The ray tracing support for the shooter classic Doom is worth a closer look, and not just because the graphical leap through ray tracing promises to be particularly large in the old shooter from 1993. Basically, despite the three-dimensional perspective, it is not a 3D game in the modern sense – but this is actually a prerequisite for modern ray tracing display. Doom doesn’t use lights like today’s games, it doesn’t use 3D objects, and it uses bitmap surfaces that have relatively little to do with today’s texture representation. So let’s take a look at Doom and how dynamic ray-traced lighting can freshen up an old shooter with sprite graphics.

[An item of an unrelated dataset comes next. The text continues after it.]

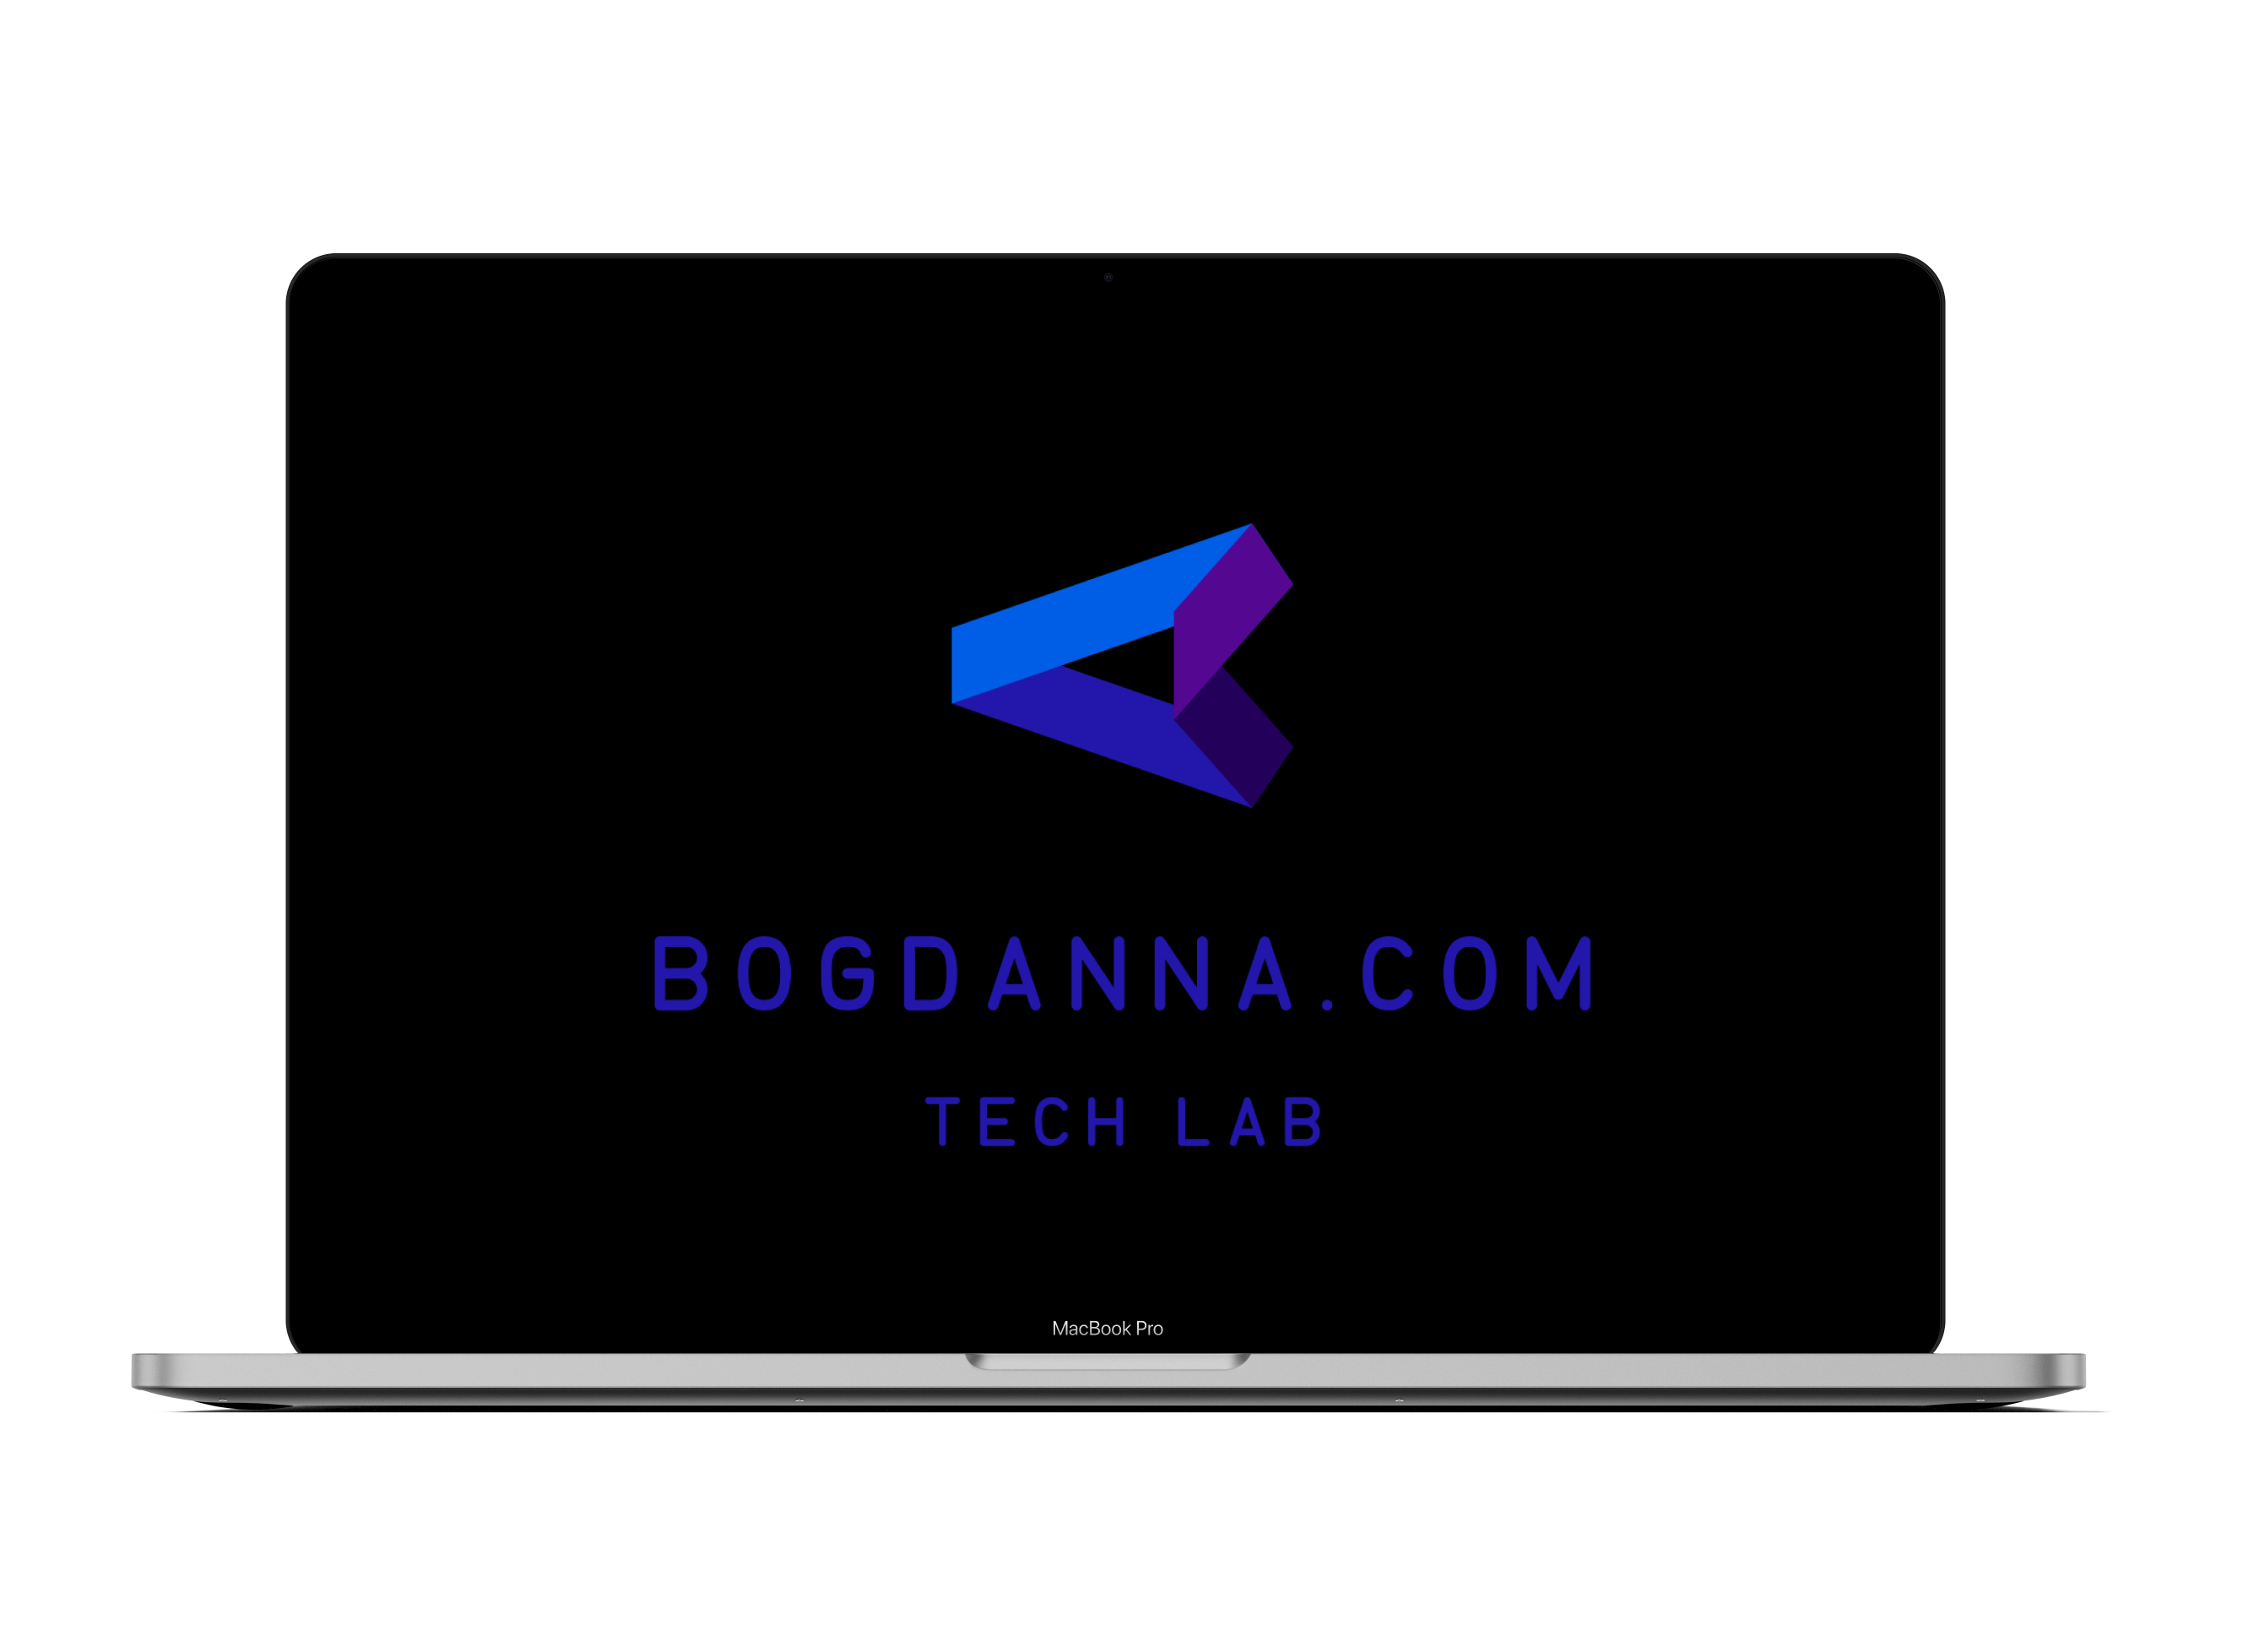 bogdanna.com

Of course, the splendor described has its costs. You pay for graphics performance – almost exclusively. In our practical test with PrBoom RT 1.0.6, the current mod version, it quickly turned out that the raytracing-boosted classic can crush any modern graphics card in maximum quality. That’s right, despite various temporal efficiency tricks, the comprehensive modernization is extremely expensive and a challenge for all available graphics cards. Each added pixel means additional rays, so resolution has a significant impact on frame rate. That’s why new upscaling processes are springing up like mushrooms. By default, Doom Ray Traced and PrBoom offer two options for saving pixels: a simple upscaler that decouples the internal from the external (monitor) resolution, and AMD’s FSR 1.0. As mentioned, Nvidia’s DLSS version 2.4 can also be loaded, but is not included in the standard download. In the video, we therefore also show benchmark samples with current high-end GPUs.